31Il n'existe pas de domaine où les hommes aient adopté des attitudes aussi changeantes qu'à l'égard de la nature. Ils l'ont longtemps appréhendée comme un grand tout dont ils faisaient partie, un ensemble redoutable par bien de ses aspects, mais sans lequel ils n'auraient pas existé ; les Grecs ne pouvaient, de la sorte, considérer la phusis comme quelque chose qui leur était étranger – ils en faisaient partie et lui portaient une déférence toute religieuse.

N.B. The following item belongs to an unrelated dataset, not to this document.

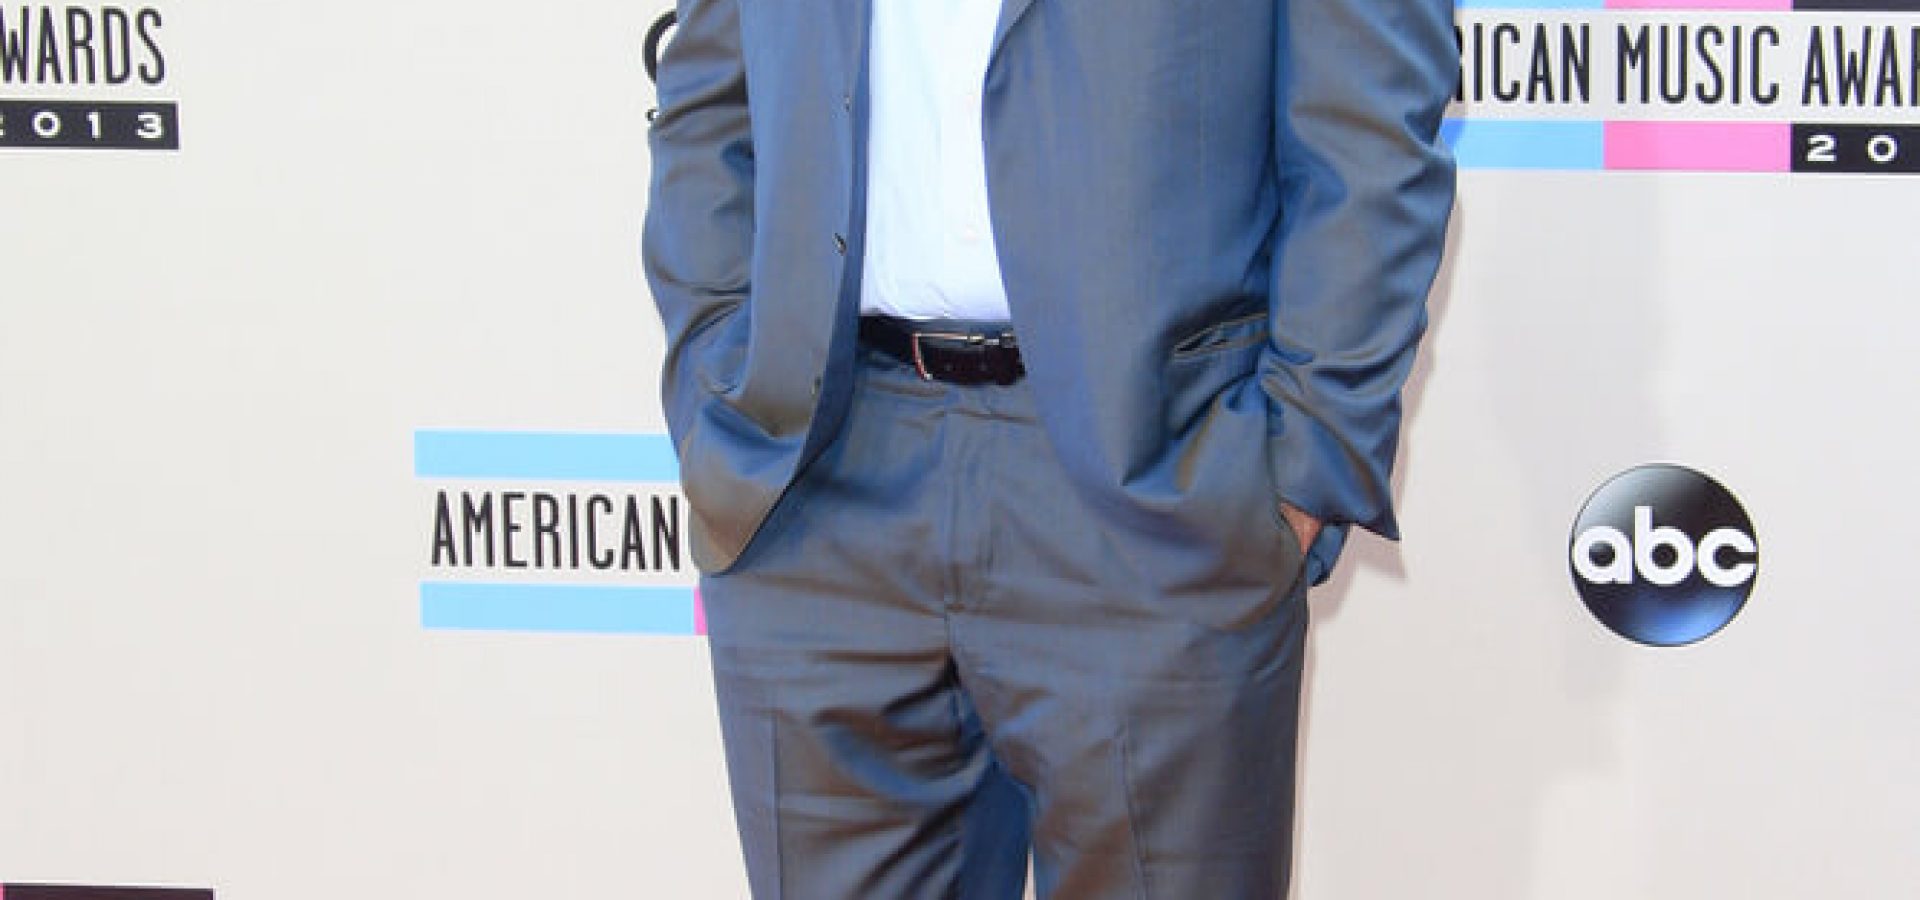 Digital Coins: Mark Cuban at the 2013 American Music Awards

32A partir de Galilée et de Descartes, la nature devient ce qui s'oppose à la pensée. Elle est extérieure à l'homme, qui a le droit de l'utiliser sans limite à son profit. Laïcisée, elle est perçue comme un domaine à conquérir. C'est la conception qui domine durant la modernité.

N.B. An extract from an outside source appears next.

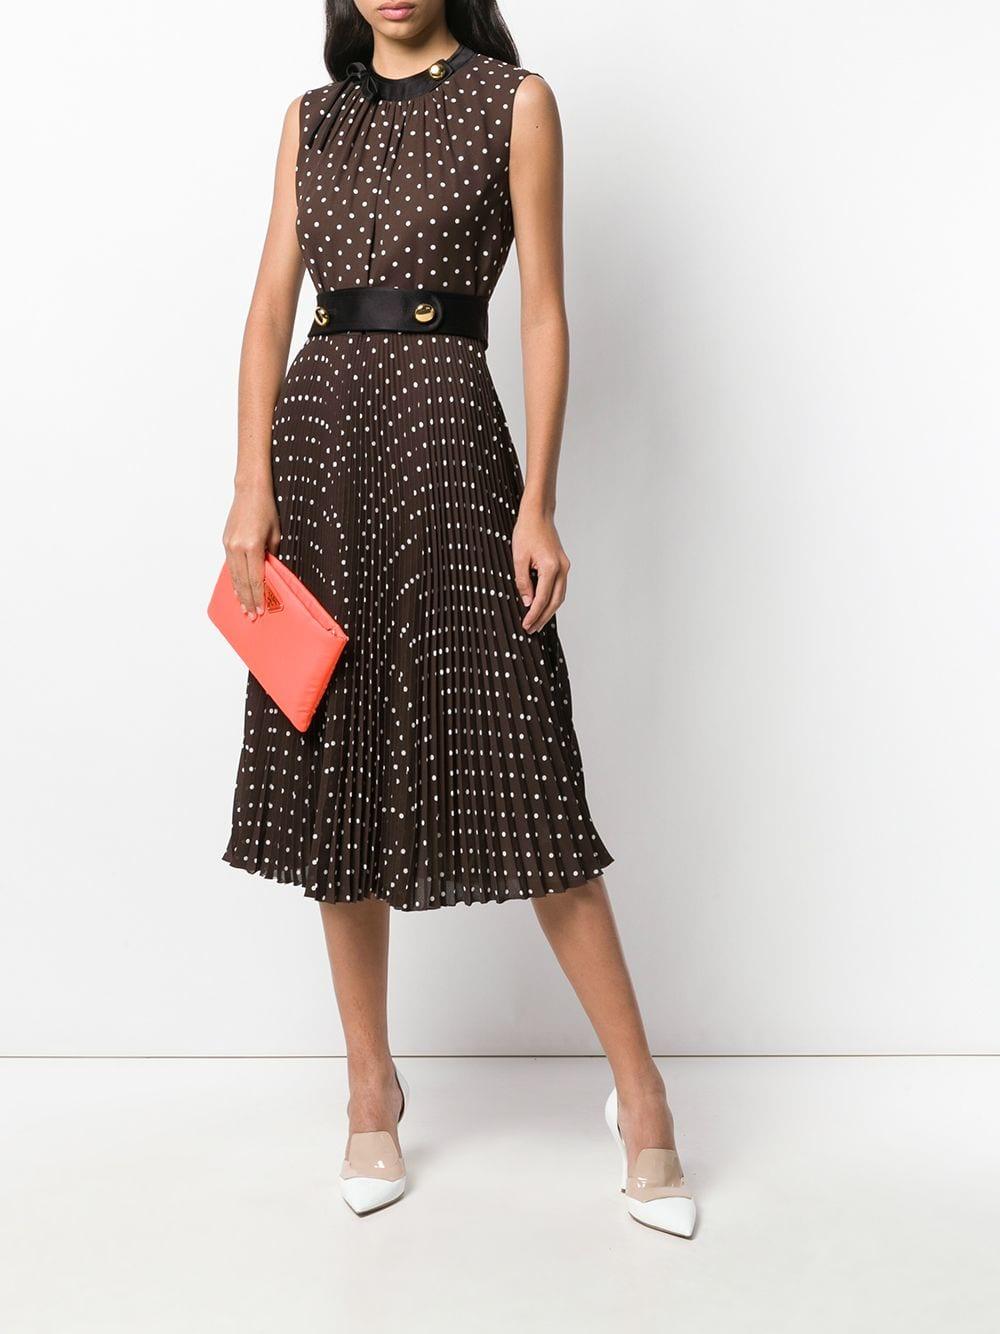 Prada Polka Dot Pleated Dress in Brown - Lyst

33On découvre aujourd'hui les limites des milieux, leur fragilité et les dangers que fait naître leur surexploitation. Une prise de conscience écologique en résulte, qui nous réintègre à la nature et nous rend responsable de son devenir. Un chapitre essentiel de la géographie culturelle est consacré à ce tournant, comme en témoignent, entre autres, le développement de la mésologie d'Augustin Berque (2000 ; 2018).
34Mais la nature n'a jamais été seulement cet extérieur que l'on peut utiliser et peupler sans souci. Elle est faite d'environnements variés et changeants, dont certains sont menaçants et terrifiants alors que d'autres invitent à la marche, à la course, à l'escalade, ou à la nage, se prêtent à la détente ou à la joie de sentir l'air courir sur la peau et le soleil réchauffer le corps. Toute un chapitre de la discipline se consacre donc aujourd'hui à ces usages de la nature, à la manière dont on la vit dans un jardin, dans un parc public, en montagne, sur la plage, en pique-niquant (Barthe, 2008), en faisant du trekking ou en pratiquant des sports de glisse…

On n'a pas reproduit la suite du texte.